Take the economic perspective: The American Farm Bureau Federation has found that labor costs make up about 40% of total production costs in agriculture. By automating labor-intensive tasks, farmers could reduce these expenses and improve their profit margins.
Moreover, by automating tasks like weeding, farmers can reduce their reliance on pesticides, which can have harmful effects on soil health and biodiversity. According to the Environmental Protection Agency (EPA), pesticide use in the United States has been linked to declining pollinator populations and water quality issues.

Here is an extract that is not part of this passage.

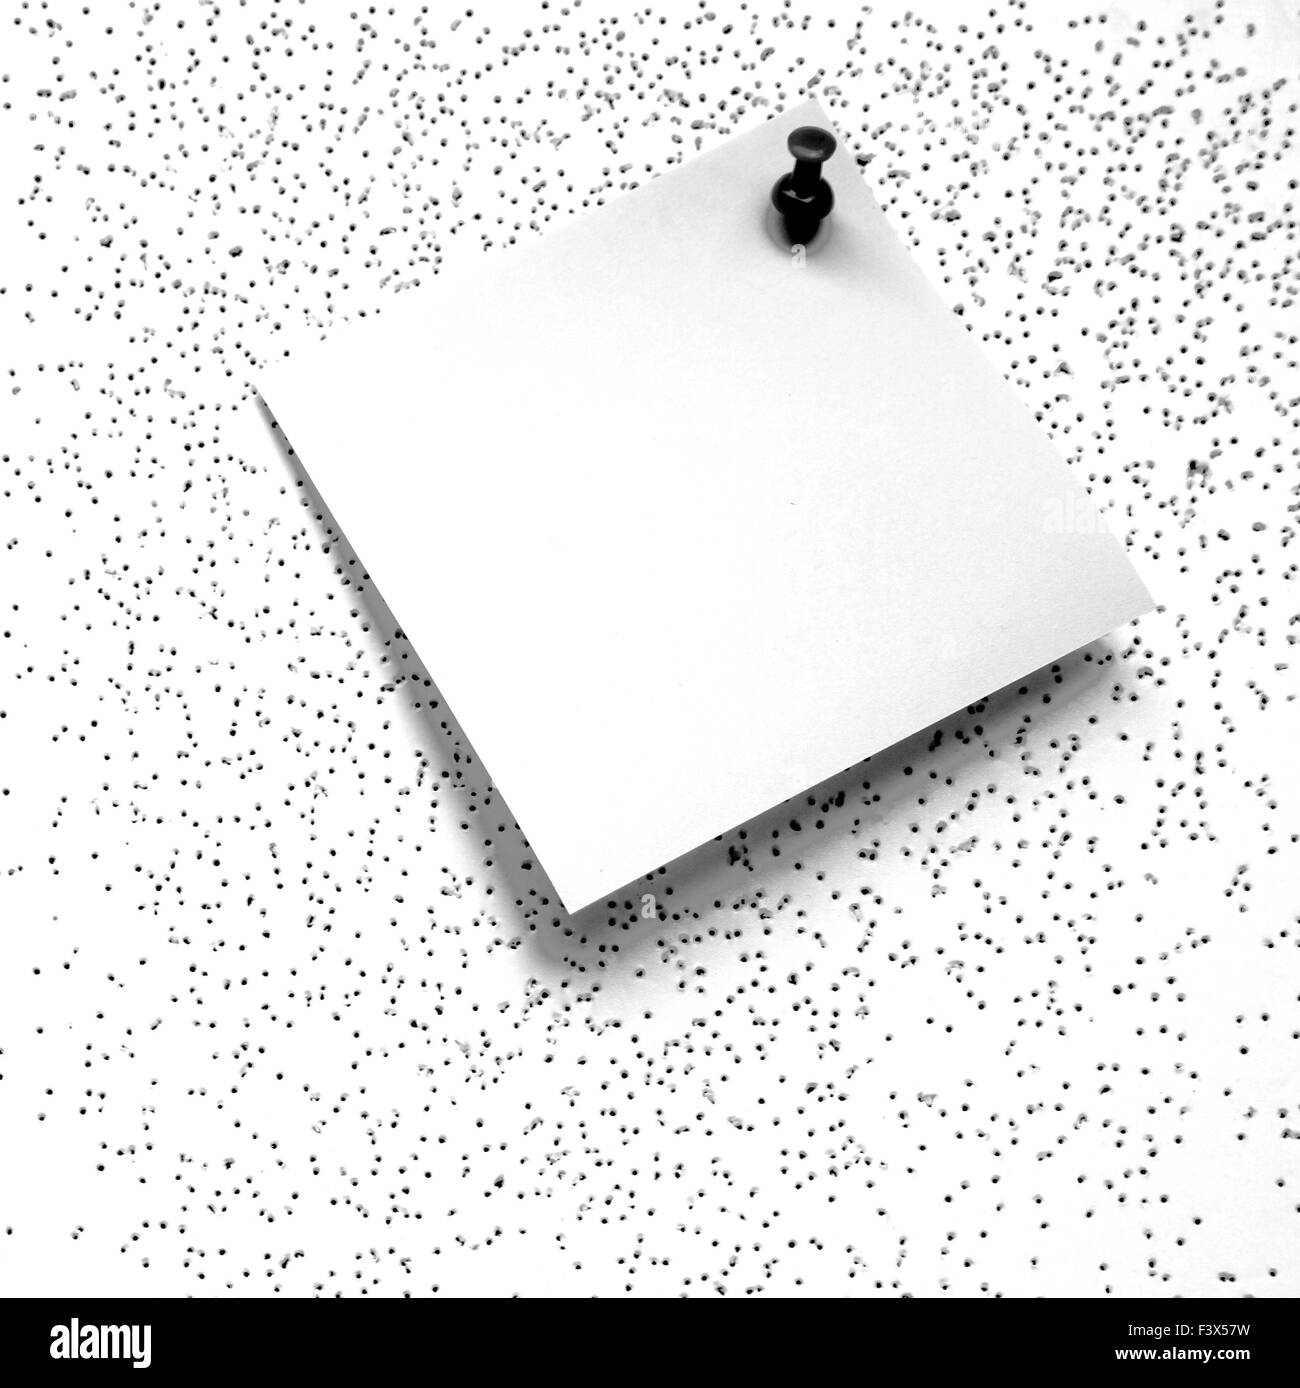 Blank post it notes Black and White Stock Photos & Images - Alamy

As the sector evolves, crucial questions emerge. The role of major tech players remains to be seen, as the entry of figures like Anderson might signal growing interest from Silicon Valley giants. Additionally, the evolution of regulation is uncertain, though autonomy in fields could pave the way for more favorable regulations in other sectors as well.
π Pony.aiβs $300 Million IPO: A Milestone in the Race for Autonomous vehicle?
This week's autonomous vehicle headlines pivot to Pony.ai as the Silicon Valley-born, China-operating company files for its Nasdaq debut under the ticker "PONY". According to Bloomberg's sources, the company aims to raise up to $300 million in what marks the first pure-play robotaxi IPO in the U.S. markets.
The financial data presents a company in transition. Reuters reports revenues nearly doubled to $24.7 million in the first half of 2024, while net losses decreased to $51.3 million from $69.4 million in the previous year. The company's operational metrics show a fleet of over 250 robotaxis that have accumulated 33.5 million kilometers of autonomous driving, including 3.9 million kilometers in fully driverless mode.
The timing of this IPO intersects with several market dynamics. As reported by Reuters, the U.S. IPO market has recently gained momentum, buoyed by expectations of the Federal Reserve's policy-easing cycle. Additionally, Chinese regulators have eased restrictions on overseas listings, with the Wall Street Journal noting that China's securities regulator approved Pony.ai's U.S. listing plans in April.
The company's market position reflects its dual-market strategy. Founded in Silicon Valley in 2016, Pony.ai has established operations across major Chinese cities. Seeking Alpha reports it has secured regulatory permits for public robotaxi services in all four of China's Tier-1 cities: Beijing, Shanghai, Guangzhou, and Shenzhen. This regulatory achievement coincides with significant corporate backing - Toyota holds a 13.4% stake according to Reuters, while recent investments include $100 million from Saudi Arabia's NEOM and $27 million from China's GAC.
The competitive landscape contextualizes this IPO. The Wall Street Journal notes that the filing comes one week after Tesla's robotaxi announcement. The sector includes various approaches from tech giants and automakers - Waymo (Google), Zoox (Amazon), Apollo (Baidu), and Cruise (GM) among them, as documented by Seeking Alpha.
Industry analysts cited by Reuters highlight ongoing sector-wide challenges, including technology reliability in adverse weather conditions, complex traffic situations, and unpredictable urban environments. The company maintained an $8.5 billion valuation in its 2022 funding round, setting a benchmark for market expectations.
The IPO's underwriting team spans global financial institutions, with the Wall Street Journal listing Goldman Sachs (Asia), Merrill Lynch (Asia Pacific), Deutsche Bank (Hong Kong Branch), Huatai Securities (USA), and Tiger Brokers (NZ) as managing the offering.
While the initial filing doesn't specify share numbers or price ranges, Bloomberg reports that Guangzhou Automobile Group is considering participating in the IPO, potentially deepening the company's automotive industry connections.